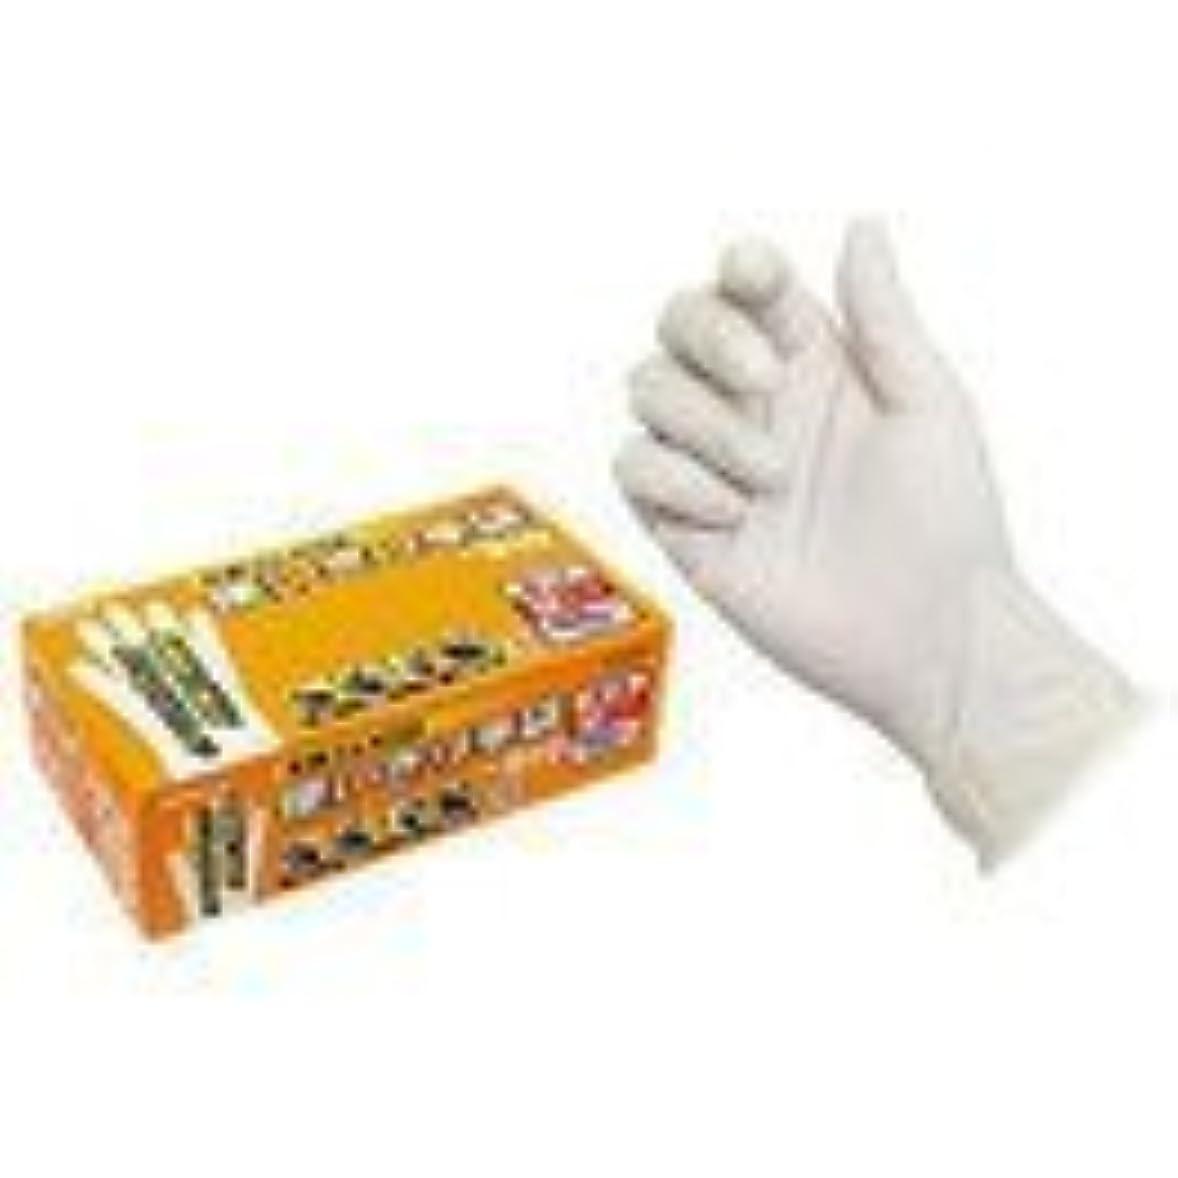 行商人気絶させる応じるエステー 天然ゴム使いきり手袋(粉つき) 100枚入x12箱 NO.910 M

---

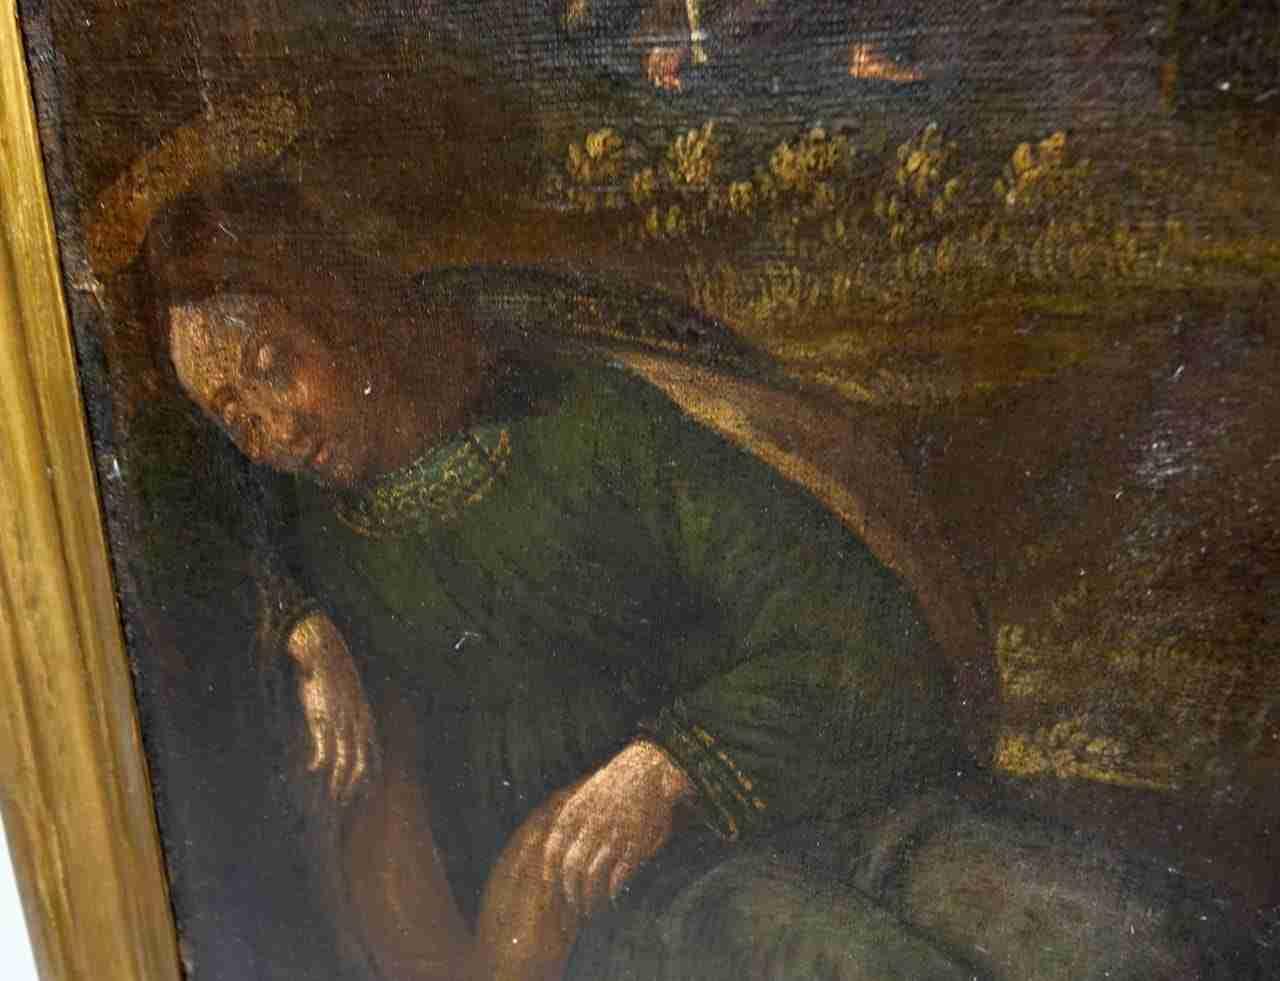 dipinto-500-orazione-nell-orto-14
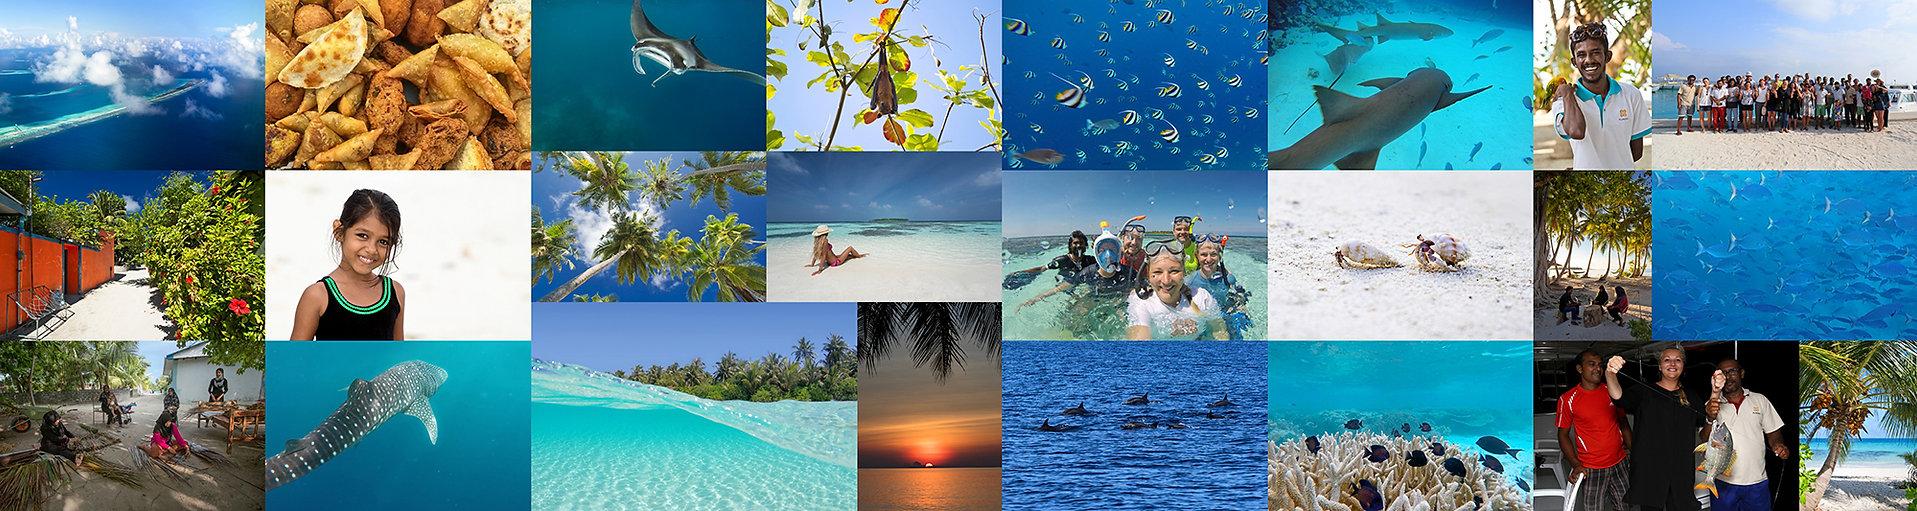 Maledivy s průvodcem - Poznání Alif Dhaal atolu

*Task prompt:* An exact copy is needed. It runs from the line above containing "dipinto-500-orazione-nell-orto-14" down to the line containing "Maledivy s průvodcem", both included, with no pictures.

*Output below:*
 dipinto-500-orazione-nell-orto-14
 Maledivy s průvodcem - Poznání Alif Dhaal atolu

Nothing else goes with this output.